Folding the Mitochondrial UPR into the Integrated Stress Response

Abstract

Eukaryotic cells must accurately monitor the integrity of the mitochondrial network to overcome environmental insults and respond to physiological cues. The mitochondrial unfolded protein response (UPR^mt) is a mitochondrial-to-nuclear signaling pathway that maintains mitochondrial proteostasis, mediates signaling between tissues, and regulates organismal aging. Aberrant UPR^mt signaling is associated with a wide spectrum of disorders, including congenital diseases as well as cancers and neurodegenerative diseases. Here, we review recent research into the mechanisms underlying UPR^mt signaling in Caenorhabditis elegans and discuss emerging connections between the UPR^mt signaling and a translational regulation program called the 'integrated stress response'. Further study of the UPR^mt will potentially enable development of new therapeutic strategies for inherited metabolic disorders and diseases of aging.
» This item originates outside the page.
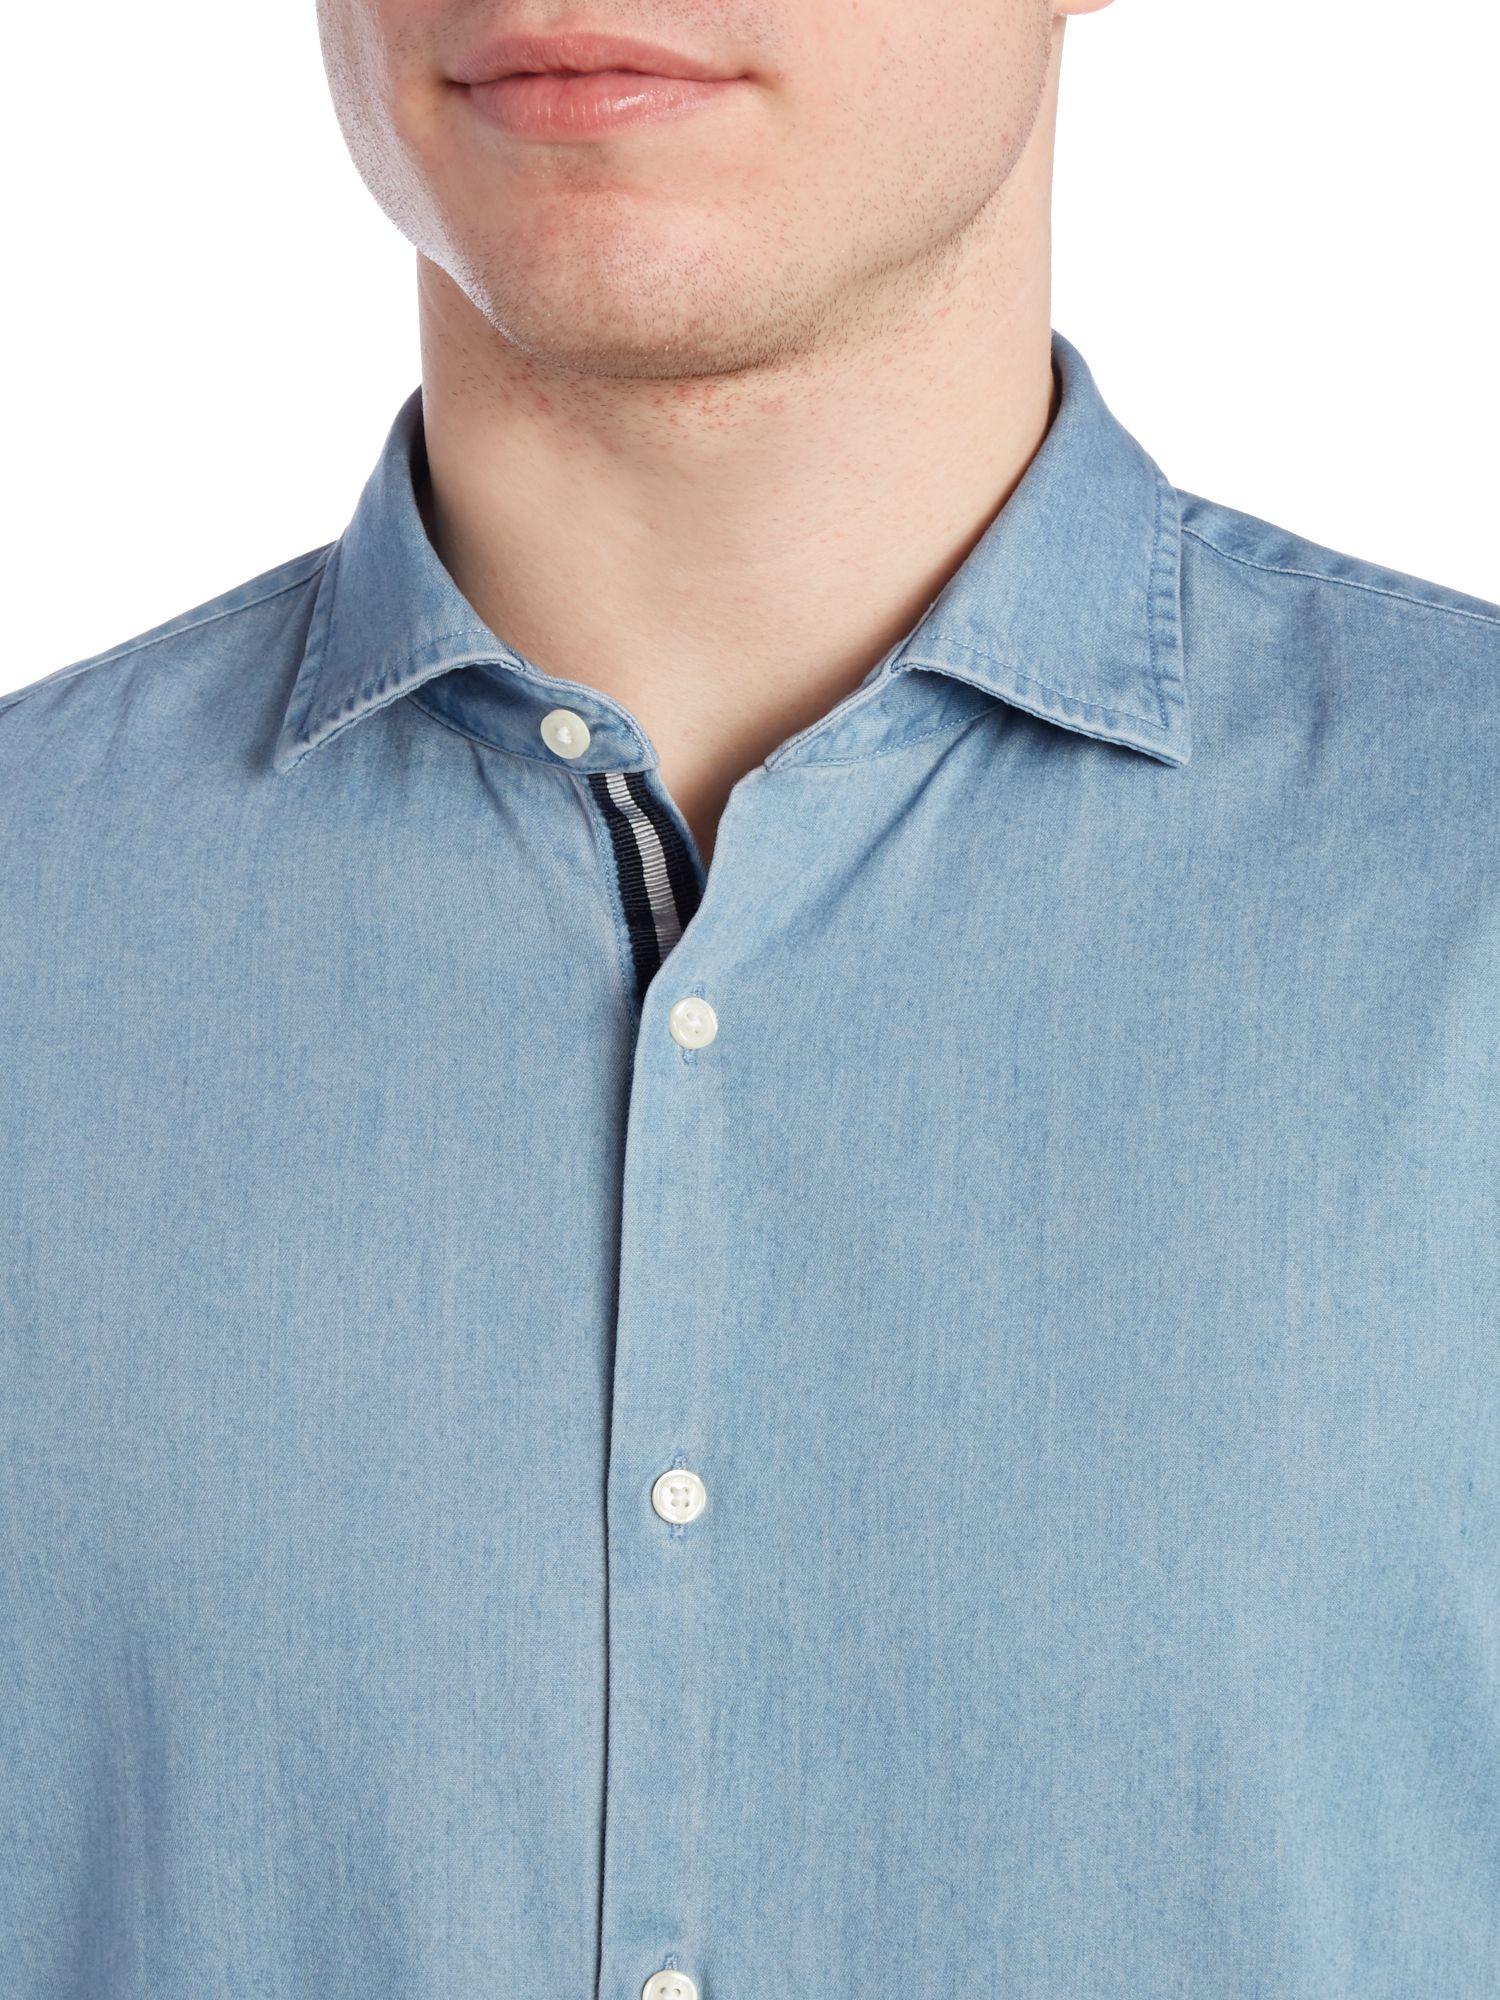 michael kors slim fit chambray denim light wash shirt in. Black Bedroom Furniture Sets. Home Design Ideas

Keywords: integrated stress response; mitochondria; mitochondrial unfolded protein response; stress signaling.

Figure 1:

UPR^mt Signaling in Caenorhabditis elegans. In C. elegans, UPR^mt activation is sensitive to the protein import capacity of the mitochondrial network and requires chromatin remodelling. (A) ATFS-1 harbors a mitochondrial targeting sequence (MTS) and a nuclear localization sequence (NLS). The MTS promotes the import and degradation of ATFS-1within healthy mitochondria. However, if mitochondrial import is impaired, which can be caused by OXPHOS dysfunction, or misfolded protein accumulation within the mitochondrial matrix, the NLS of ATFS-1 directs it to the nucleus to activate the UPR^mt. This step requires ATFS-1 desumoylation by ULP-4, which enhances its transcriptional activity. The bZIP protein ZIP-3 also serves as a negative regulator of ATFS-1 activation, functioning in a negative feedback loop. (B) Under basal conditions, LIN-65 resides in the cytosol, DVE-1 and UBL-5 exhibit a diffuse nuclear localization, and the methyltransferase MET-2 is inactive. (C) Mitochondrial stress stimulates MET-2 activity which promotes nuclear import of LIN-65, and together these proteins catalyze H3K9 dimethylation and chromatin condensation, in a manner dependent on CLPP-1. Chromatin condensation, CLPP-1, and SUMO cleavage by ULP-4 activity drive redistribution of DVE-1/UBL-5 to the promoters of UPR^mt responsive genes.

Figure 2.

The Integrated Stress Response (ISR) Is Required for UPR^mt Induction in Mammals. (A) GTP-laden eIF2 binds to methionylated initiator tRNAs (Met-tRNA) to initiate cap-dependent translation. Translation initiation stimulates GTP hydrolysis on eIF2, causing the complex to dissociate. eIF2B then catalyzes exchange of GDP for GTP on eIF2, enabling further rounds of translation initiation. Phosphorylation of eIF2α at S51 (eIF2α-P) converts eIF2 into an inhibitor of eIF2B, which suppresses cap-dependent translation. (B) When eIF2α-P levels are low, monocistronic transcripts are translated, as are the uORFs of polycistronic transcripts. Translation of downstream coding sequences (CDS) is inhibited by uORF translation. (C) High eIF2α-P levels reduce cap-dependent translation. Ribosomes scan past uORFs and instead initiate translation at the downstream CDS. (D) Mitochondrial dysfunction stimulates phosphorylation of eIF2α, though it is unclear which kinases are responsible for the diverse stressors that perturb mitochondrial function. eIF2α phosphorylation enables translation of the transcription factors CHOP, ATF4, and ATF5. ATF5 activity is negatively regulated by mitochondrial import into healthy mitochondria. CHOP, ATF4, and ATF5 stimulate transcription of genes that enable recovery from mitochondrial insults. (E) eIF2α is phosphorylated by four different kinases that are activated by different stimuli. Gcn2 associates with ribosomes and is activated by stalled translation. PERK is an ER membrane protein activated by accumulation of unfolded proteins within the ER lumen. HRI is activated in the absence of heme or binding to DELE1, a mitochondrial protein exported to the cytosol upon cleavage by the stress-activated protease OMA1. PKR activity is stimulated upon binding dsRNA, including those generated in the mitochondrial matrix during transcription.